Mechanical stretch (bicomponent): Mestre® creates stretch through a three-dimensional coil crimp like a tiny spring embedded in the fibre through co-extrusion. The coil straightens under tension and returns to its coiled state on release. No rubber, no polyurethane. The stretch mechanism is permanent and does not degrade.
This is the most important distinction in the entire comparison. Everything else follows from it.
What is Lycra®?
Lycra® is Invista’s (formerly DuPont’s) trademarked brand name for elastane also called spandex in North America. It has been the industry default for stretch fabric since the 1960s, used at 2–10% content in blended fabrics.
Strengths:
- Extremely high elongation (up to 600%)
- Rapid, powerful recovery when fresh
- Very fine deniers available for lightweight fabrics
- Universally understood by manufacturers and consumers
- Brand recognition “Lycra” as a selling point on garment labels
Limitations:
- Degrades with repeated washing, chlorine exposure, and heat fabrics bag and lose recovery
- Cannot be dyed at the yarn stage must be dyed in fabric
- Entirely imported into India USD pricing, import duties, long lead times
- Poor resistance to perspiration and body oils
- Difficult to recycle in end-of-life garments
What are T-800 and T-400 by Invista?
T-400 and T-800 are bicomponent stretch yarns from Invista not elastane. They are made from two different polymers (PET and PTT) co-extruded to create a coil crimp structure. This makes them mechanically more similar to Mestre® than to Lycra®.
T-400: Invista’s flagship bicomponent yarn.
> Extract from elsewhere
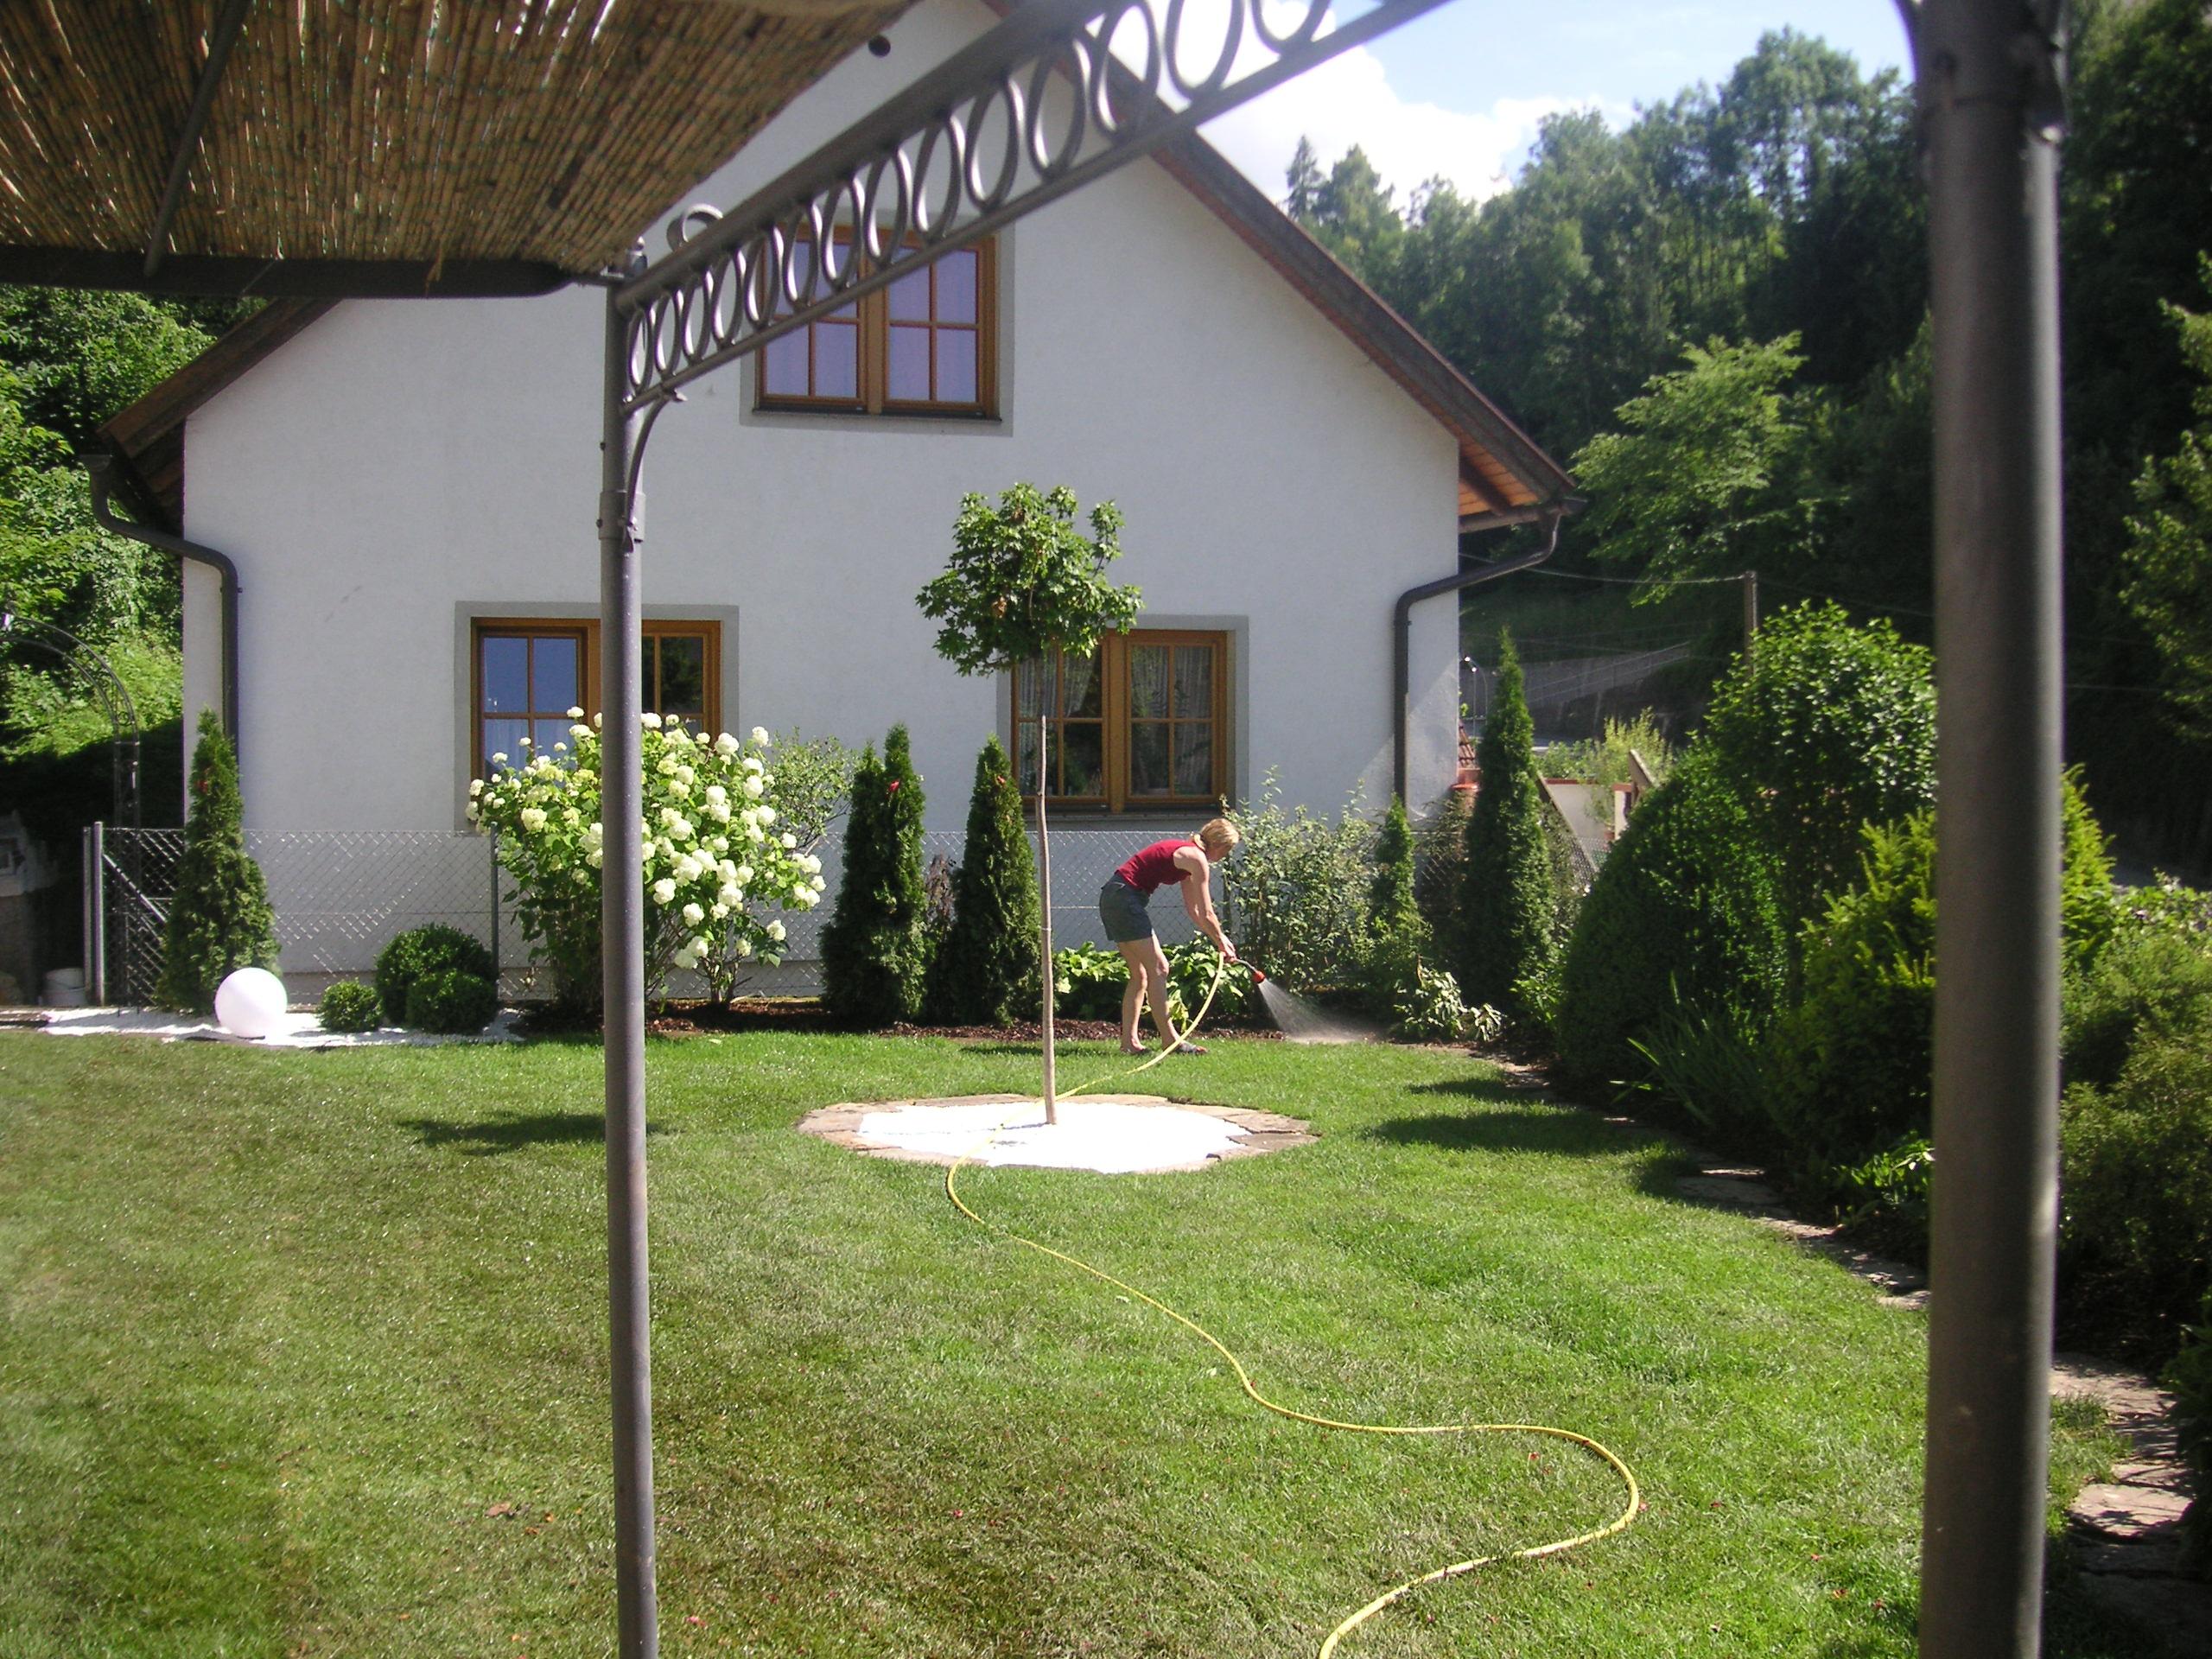 Gartengestaltung gartendesign flath for Gartengestaltung 2016

Permanent stretch, chlorine resistance, soft hand, good wash durability.
T-800: A higher-performance variant with enhanced stretch and recovery, positioned for premium performance fabrics.
Strengths of T-400/T-800:
- Permanent elasticity does not degrade with washing
- Good compatibility with polyester dyeing processes
- Strong global brand recognition accepted by international buyers and brands
- Excellent wash durability
Limitations of T-400/T-800:
- Imported product significant landed cost premium in India (import duty + USD FX exposure)
- International lead times governed by Invista’s global supply chain
- Limited direct technical support in India
- Minimum order quantities may not suit smaller Indian manufacturers
What is Mestre® Bicomponent?
Mestre® is an elastomultiester bicomponent yarn manufactured in Surat, India. Like T-400 and T-800, it creates stretch through a mechanical coil crimp not through elastane chemistry. Unlike T-400 and T-800, it is manufactured in India.
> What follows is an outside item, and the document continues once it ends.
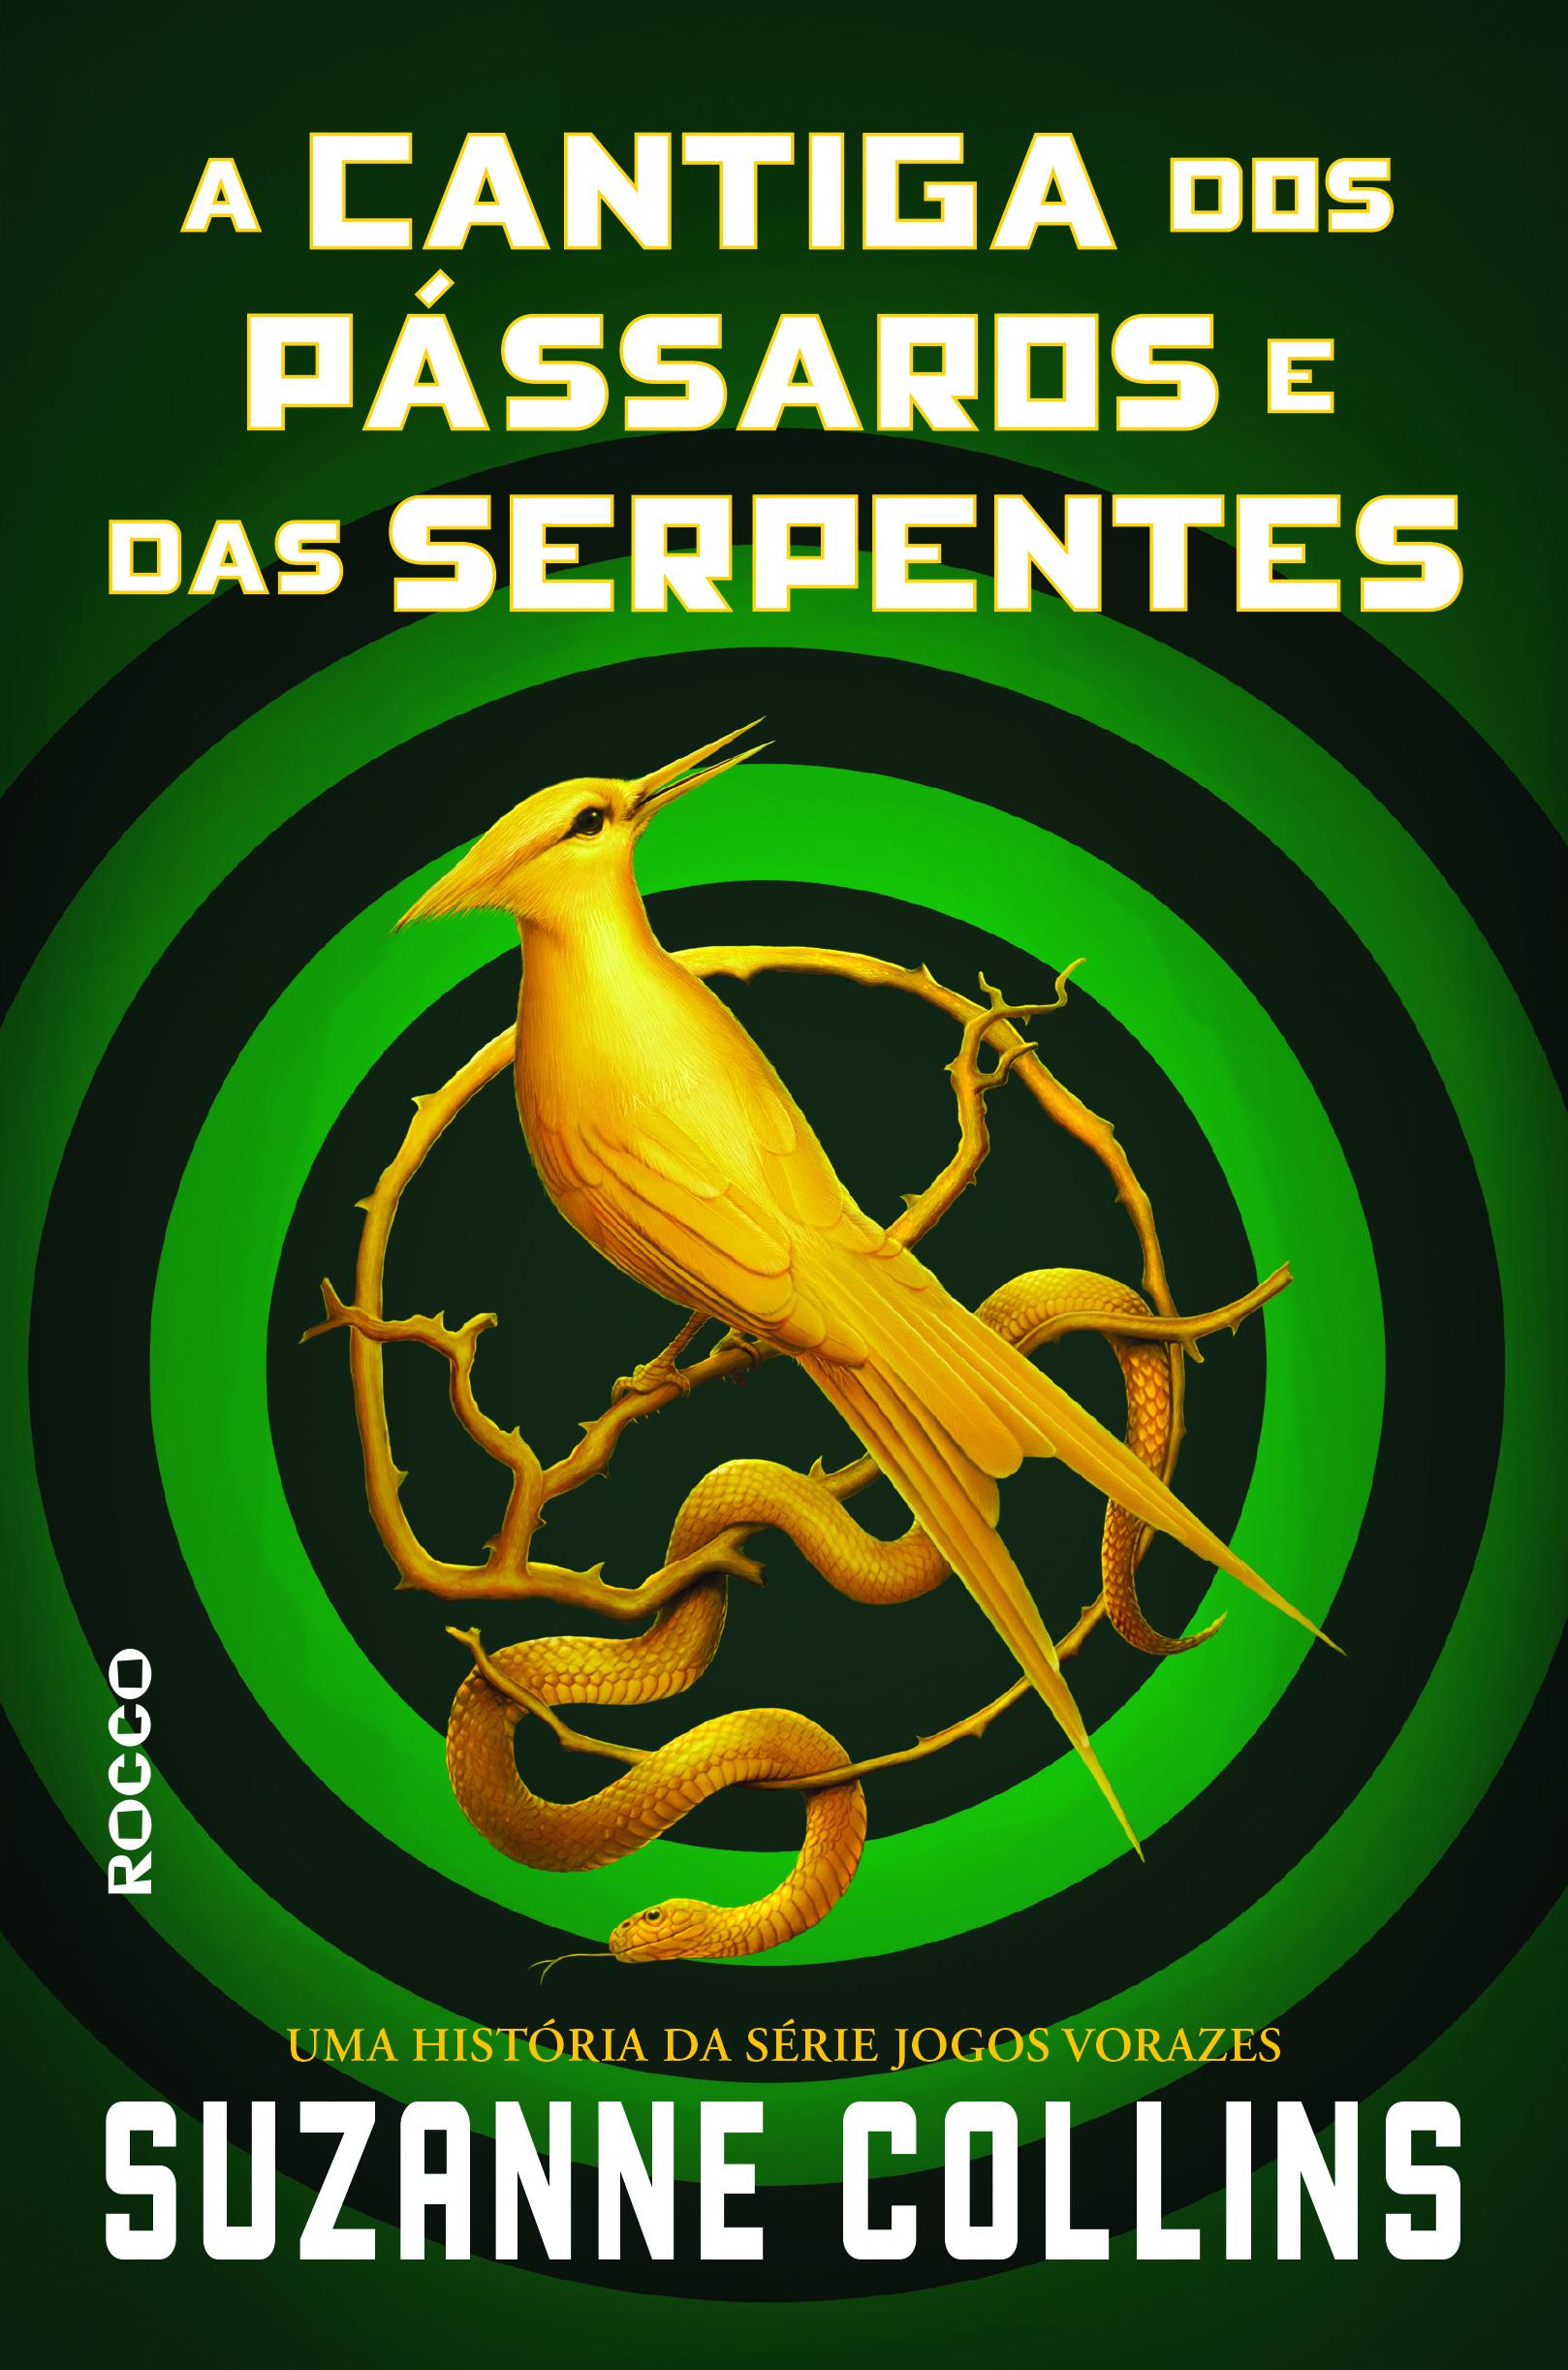 Novo livro da saga foi lançado há duas semanas

The elastomultiester technology in Mestre® co-extrudes two polyester components with different thermal shrinkage characteristics, producing a coil crimp with very high uniformity and consistency. This means consistent stretch and recovery performance across every metre of a production run critical for colour and stretch uniformity in large fabric orders.
Mestre® also delivers a distinctive dry-touch, wool-feel effect at certain denier counts not found in T-400 or T-800 which tend to have a softer, more synthetic hand.
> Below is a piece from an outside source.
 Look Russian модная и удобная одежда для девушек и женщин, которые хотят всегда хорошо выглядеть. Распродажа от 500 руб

Full Performance Comparison Table
| Property | Mestre® | Lycra® | T-400 (Invista) | T-800 (Invista) |
|---|---|---|---|---|
| Fibre type | Bicomponent polyester | Elastane (polyurethane) | Bicomponent PET/PTT | Bicomponent PET/PTT |
| Stretch mechanism | Mechanical coil | Chemical polymer | Mechanical coil | Mechanical coil |
| Permanent elasticity | ✅ Yes | ❌ Degrades over time | ✅ Yes | ✅ Yes |
| Wash durability | Excellent | Moderate | Excellent | Excellent |
| Chlorine resistance | Good | Poor ❌ | Excellent | Excellent |
| Moisture management | Excellent ✅ | Poor | Good | Good |
| Dyeability | Excellent | Requires separate process | Good | Good |
| Heat resistance | Excellent | Moderate | Good | Good |
| Hand feel | Dry-touch / wool-feel | Smooth / rubbery | Soft / synthetic | Soft / synthetic |
| Made in India | ✅ Yes | ❌ No | ❌ No | ❌ No |
| Pricing currency | INR ✅ | USD (import) | USD (import) | USD (import) |
| Import duty exposure | None ✅ | Yes | Yes | Yes |
| Lead time | Domestic ✅ | Import | Import | Import |
| India technical support | Direct ✅ | Limited | Limited | Limited |
| Relative cost in India | Most competitive ✅ | Moderate + duties | High + duties | Highest + duties |
When to Use Mestre® Instead of Lycra®
Choose Mestre® when:
- You need permanent elasticity that survives 50+ wash cycles
- Your application involves moisture management (sportswear, activewear)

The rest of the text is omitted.